Along with free trade, limited government, low taxes, and sound money, the Hong Kong government has scrupulously kept out of private business and personal affairs. The playing field was level as the government gave no subsidies to particular firms, sectors, or individuals. It did not favor importers over exporters; manufacturing over commerce, finance, or construction; management over labor; or labor over business. It did not impose a minimum wage. It neither encouraged nor discouraged unions. The government did not favor Hong Kong citizens over foreign investors, nor did it grant special preference to foreign business. It did not own or operate the bus companies, the power companies, the trams, the ferries, the cross-harbor tunnels, or the telephone company--all were private, profitable ventures.
Hong Kong's institutions and policies stand in marked contrast to those of China. Take the rule of law, for example. Redress through the legal system is generally not available in China. In relations between individuals and the state in China, the state all too often simply detains the individual without a hearing and jails him without a trial. In basic commercial transactions, who you know or have paid off is more important than what happened.
The rule of law in Hong Kong has been distinct from and contrasts with the rule of man in China. China's history has little experience with constitutions, parliaments, and courts of law. Its history is that of autocratic emperors, dictators, warlords, and ruthless Communist Party officials. This important difference between British Hong Kong and China cannot be overstated. Put as bluntly as possible, words in treaties, constitutions, and laws do not mean the same thing in Chinese to the Chinese as they do in English to the British, Americans, and others who reside in the West. There is no common ground for a similar understanding of the "rule of law" between Hong Kong and China in light of their different political histories.

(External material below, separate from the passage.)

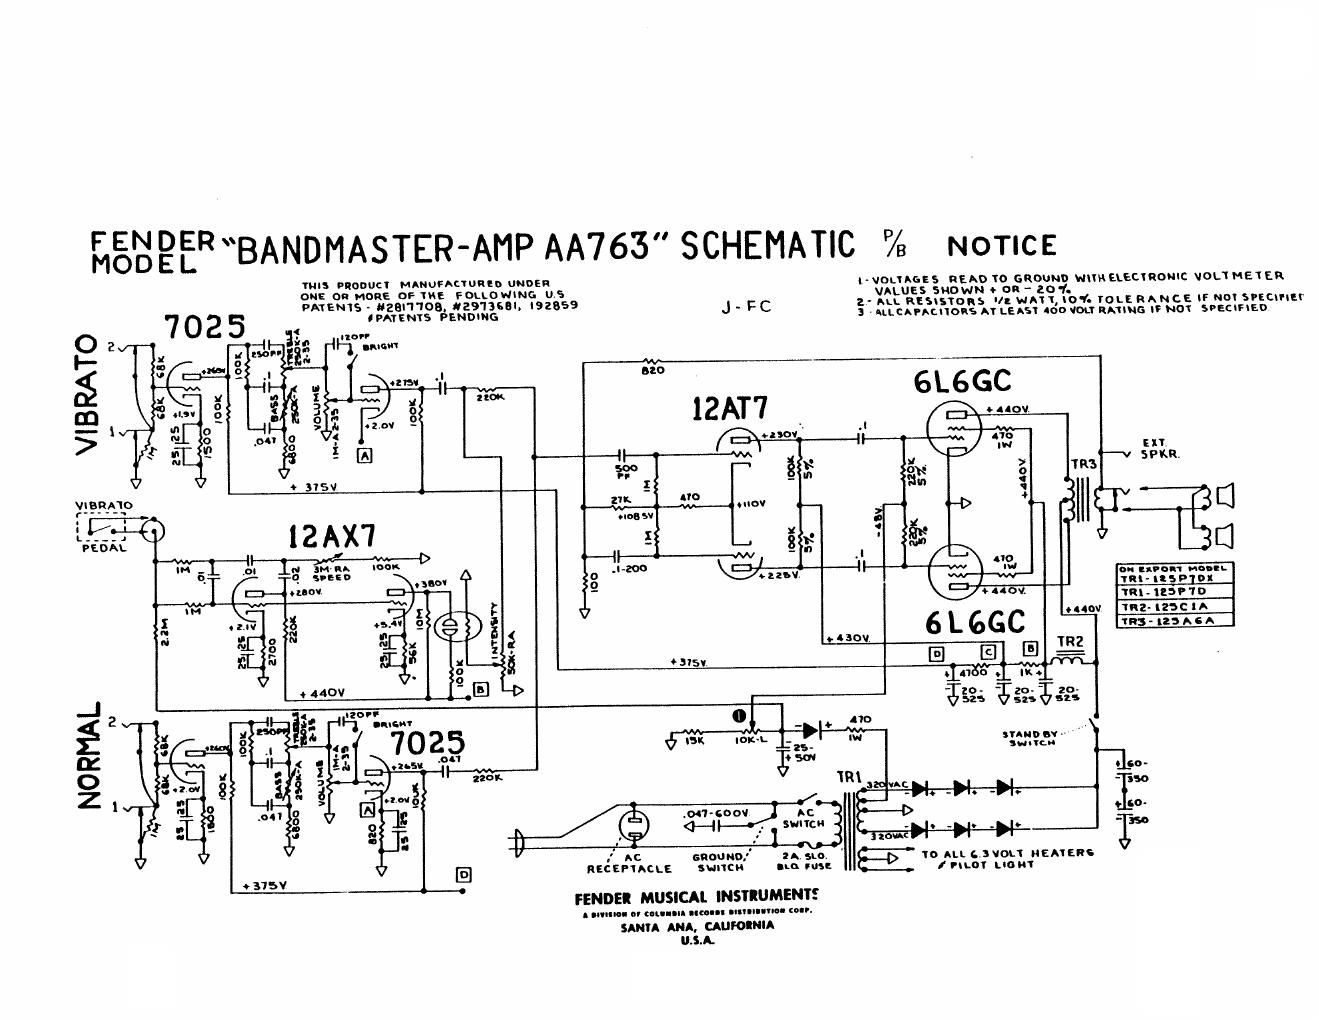 fender bandmaster aa763 schematic

The origins of the rule of law in Britain and the United States are more than a thousand years old. Its roots lie in the common law, the Magna Carta, medieval charters, Parliament, independent courts, John Locke's Second Treatise on Government, and constitutions that protect the rights of individuals from the depredations of government. It is exactly the other way around in China. There the law serves the interests of the state against individuals. Individuals had, and still have, no rights, God given or in a state of nature. In matters of law, guilt, not innocence, is presumed and courts serve the state, rather than restrain it. This wide gap in meaning cannot be bridged until China becomes a Western democracy, which is not on the horizon.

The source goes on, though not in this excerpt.